Personal information
- Date of birth: 13 September 1973 (age 52)
- Place of birth: Vienna, Austria
- Height: 1.77 m (5 ft 10 in)
- Position: Midfielder

Team information
- Current team: Bayern U16 (Head coach)

Youth career
- 1980–1984: ASV Hinterbrühl
- 1984–1990: Admira Wacker

Senior career*
- Years: Team / Apps / (Gls)
- 1990–1992: Bayern Munich (A) / 22 / (7)
- 1992–1993: Bayern Munich / 16 / (1)
- 1993–1994: Admira Wacker / 22 / (7)
- 1994–1996: FC Tirol / 52 / (14)
- 1996–2007: 1860 Munich / 213 / (15)
- Total:  / 303 / (37)

International career
- 1993–2004: Austria / 47 / (4)

Managerial career
- 2007–2009: 1860 Munich U15
- 2009–2010: Bayern Munich U14
- 2010–2011: Bayern Munich U16
- 2011–2016: Bayern Munich youth
- 2018: Hannover 96 U17

= Harald Cerny =

Austrian footballer

Harald Cerny (/de-AT/; (Note: Standard Northern German pronunciation: /de/.) born 13 September 1973) is an Austrian former professional footballer who played as a right midfielder.
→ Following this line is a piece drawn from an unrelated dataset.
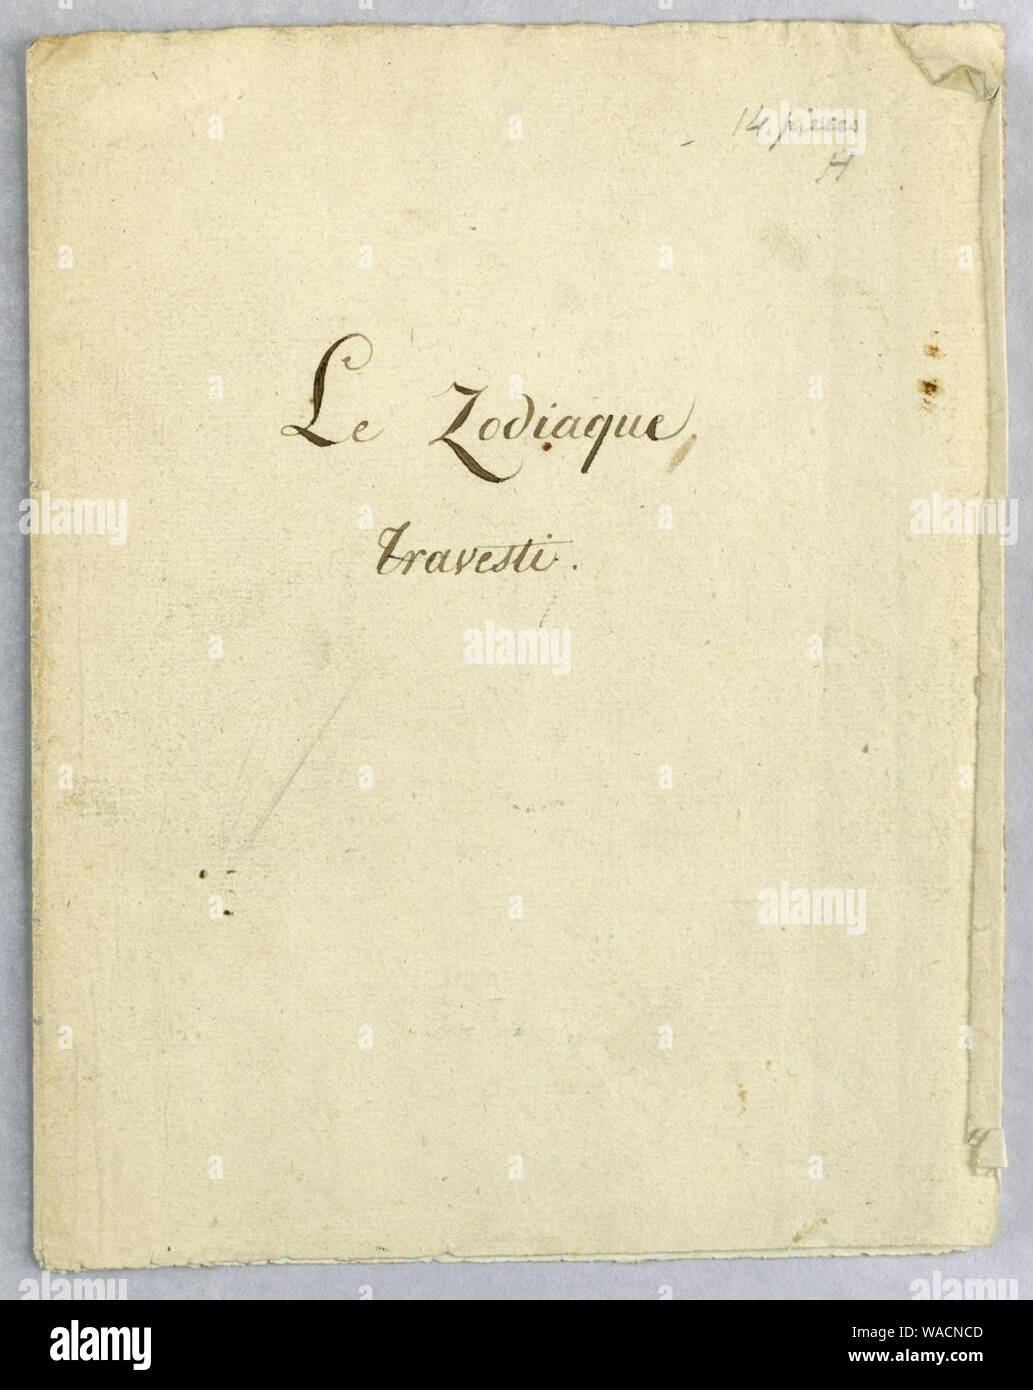 Documento, Album Cover Design per le Zodiaque travesti (la farsa Zodiac), 1824 Foto Stock

He played mostly for TSV 1860 Munich.

==Club career==
After coming through the youth ranks at Admira Wacker, Cerny began his professional career at German club FC Bayern Munich in 1992–93, making his top division debut on 27 October 1992, in a 1–1 draw at Eintracht Frankfurt.

Just after the start of the 1993–94 season (he appeared in three matches for the eventual champions), Cerny returned to Admira, where a good league season prompted a move to FC Tirol. During 1995–96, he returned to Munich, but with neighbours TSV 1860 Munich. In his eleven-year spell, Cerny appeared in 213 first division contests (a club record) scoring 15 goals, while helping it consolidate in the top flight and appear in the UEFA Cup.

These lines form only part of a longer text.